Mathematics, in particular, has long been a barrier to success, but it is also a gateway to self-belief. Once an adult learner grasps a complex mathematical concept, they begin to see themselves as capable, intelligent individuals. This shift in self-perception is a powerful catalyst for growth, propelling them toward academic achievements, career progression, and financial independence. More importantly, an educated workforce does not just benefit the individual—families thrive when parents and grandparents can support their children’s education, and society gains productive, engaged citizens instead of individuals reliant on state benefits.
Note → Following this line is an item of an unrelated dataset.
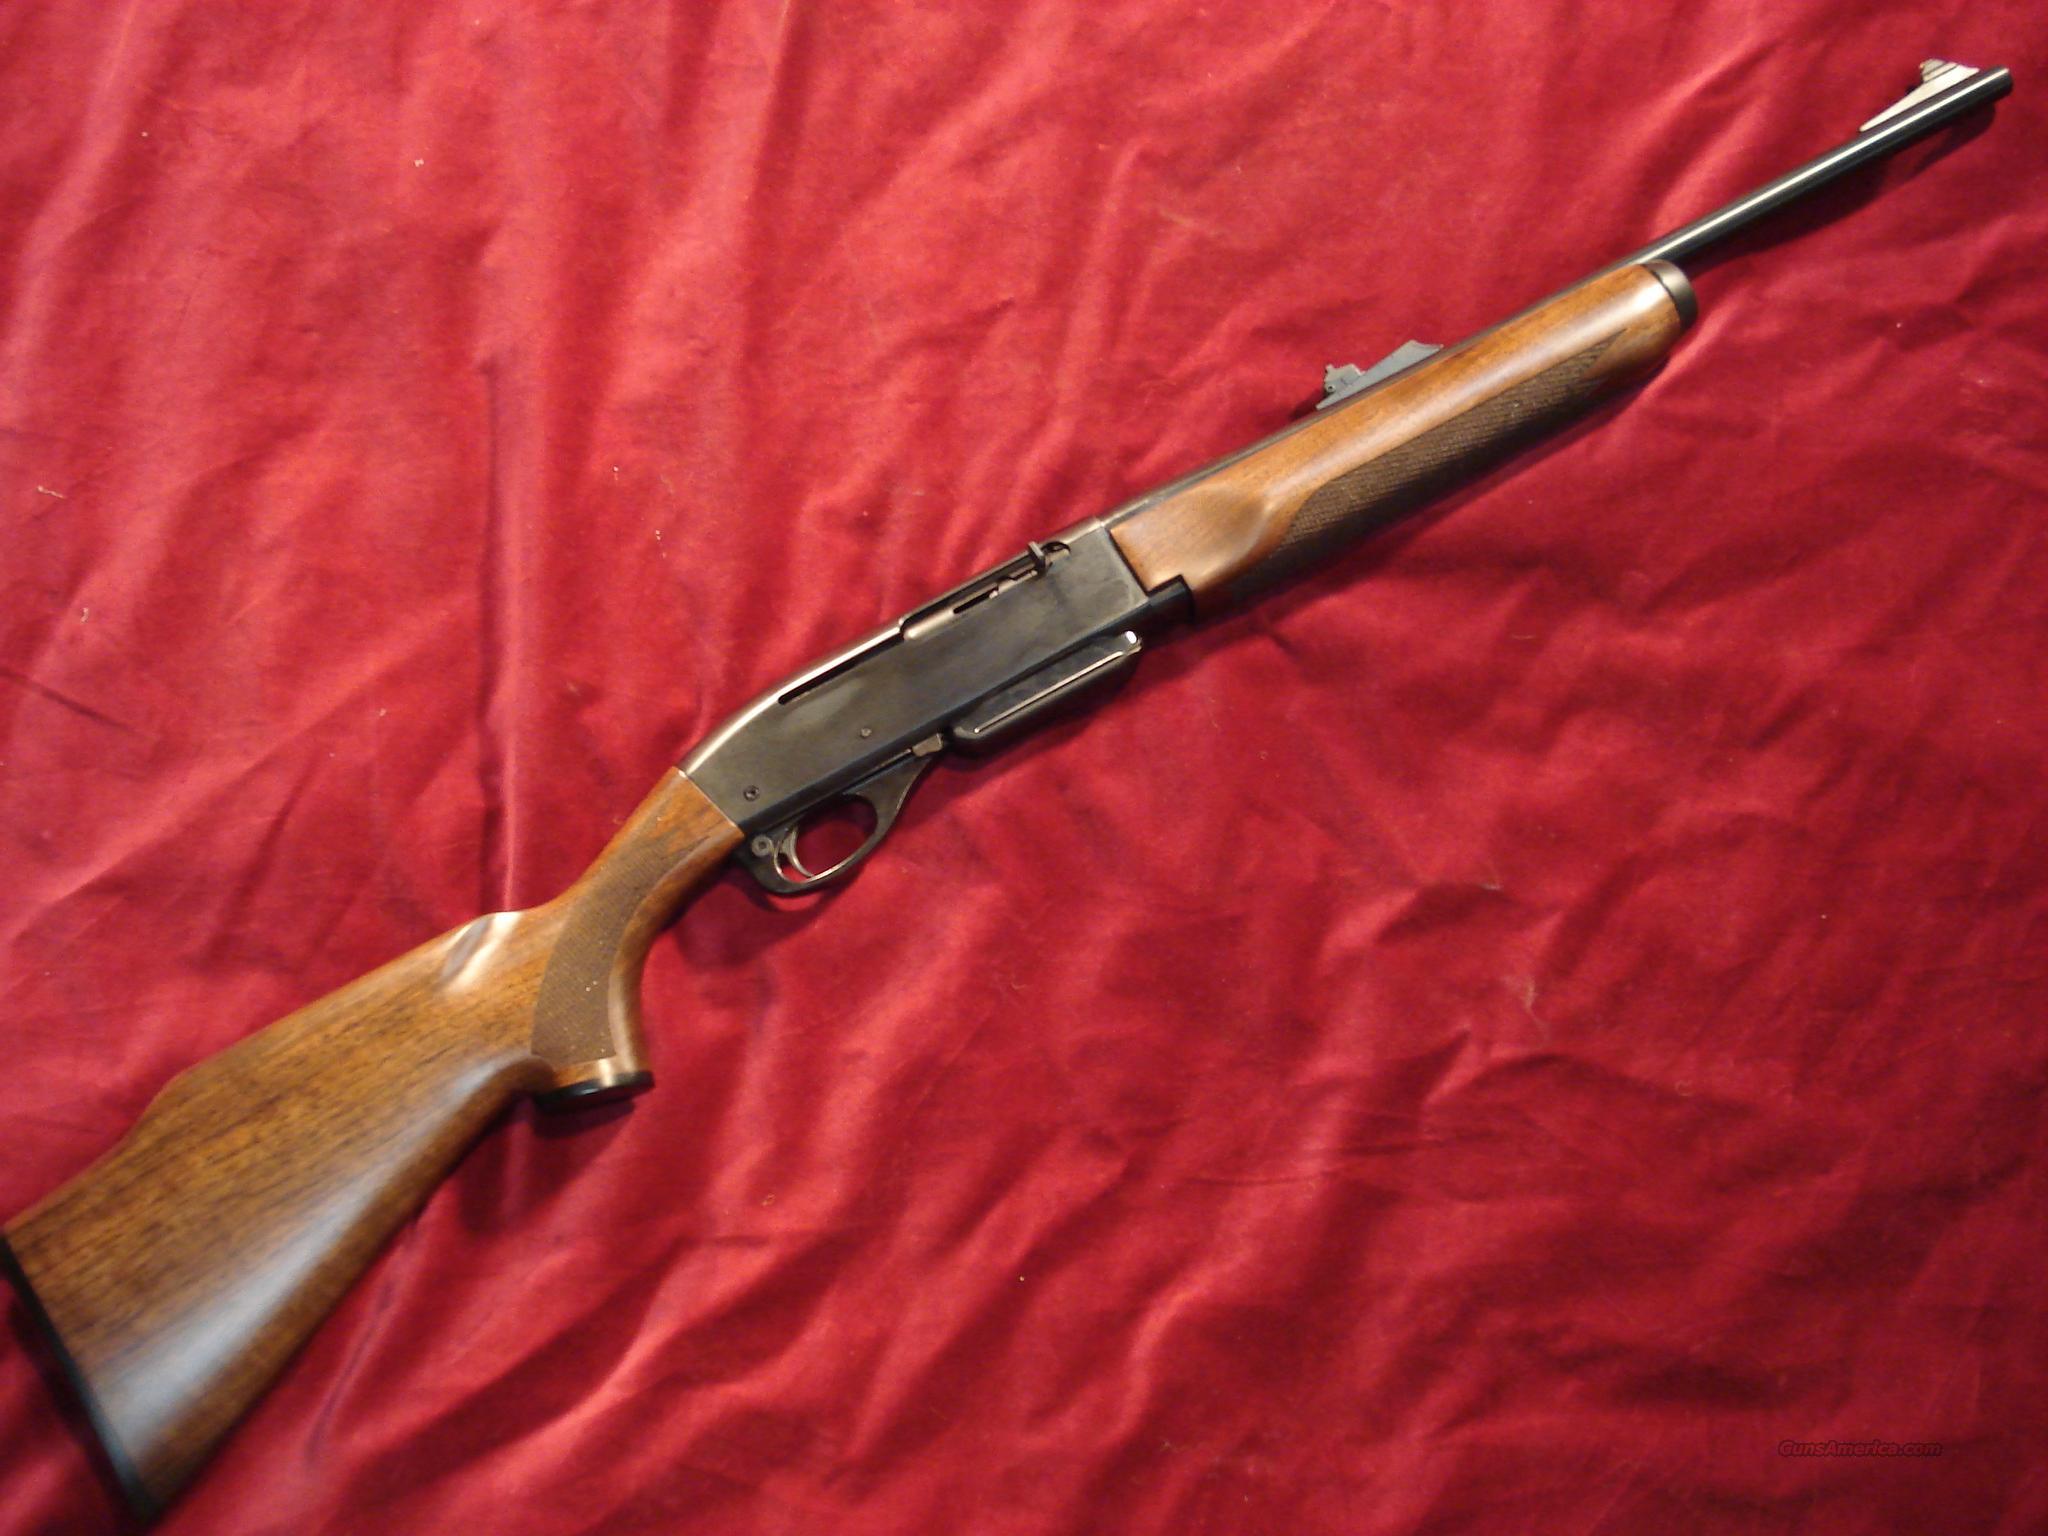 Remington 7400 carbine 30 06 walnut new for sale remington 7400 carbine 30 06 walnut new guns rifles remington rifles modern sciox Choice Image

Removing Functional Skills from apprenticeships sends a damaging message: that these essential skills do not matter, that adults should be left to struggle with literacy and numeracy, and that breaking the cycle of poor education is no longer a priority. This is an inept solution to the sector’s challenges. Instead of removing the requirement, we should be investing in better support, more accessible learning opportunities, and a more tailored approach to adult education.
Functional Skills was never just about passing a test; it was about empowering individuals to believe in their own potential. To abandon this now is not just a disservice to learners but a grave misstep for the future of our workforce and society as a whole.
Nigel Hooson
Functional Skills Tutor & Researcher in Adult Transformative Learning.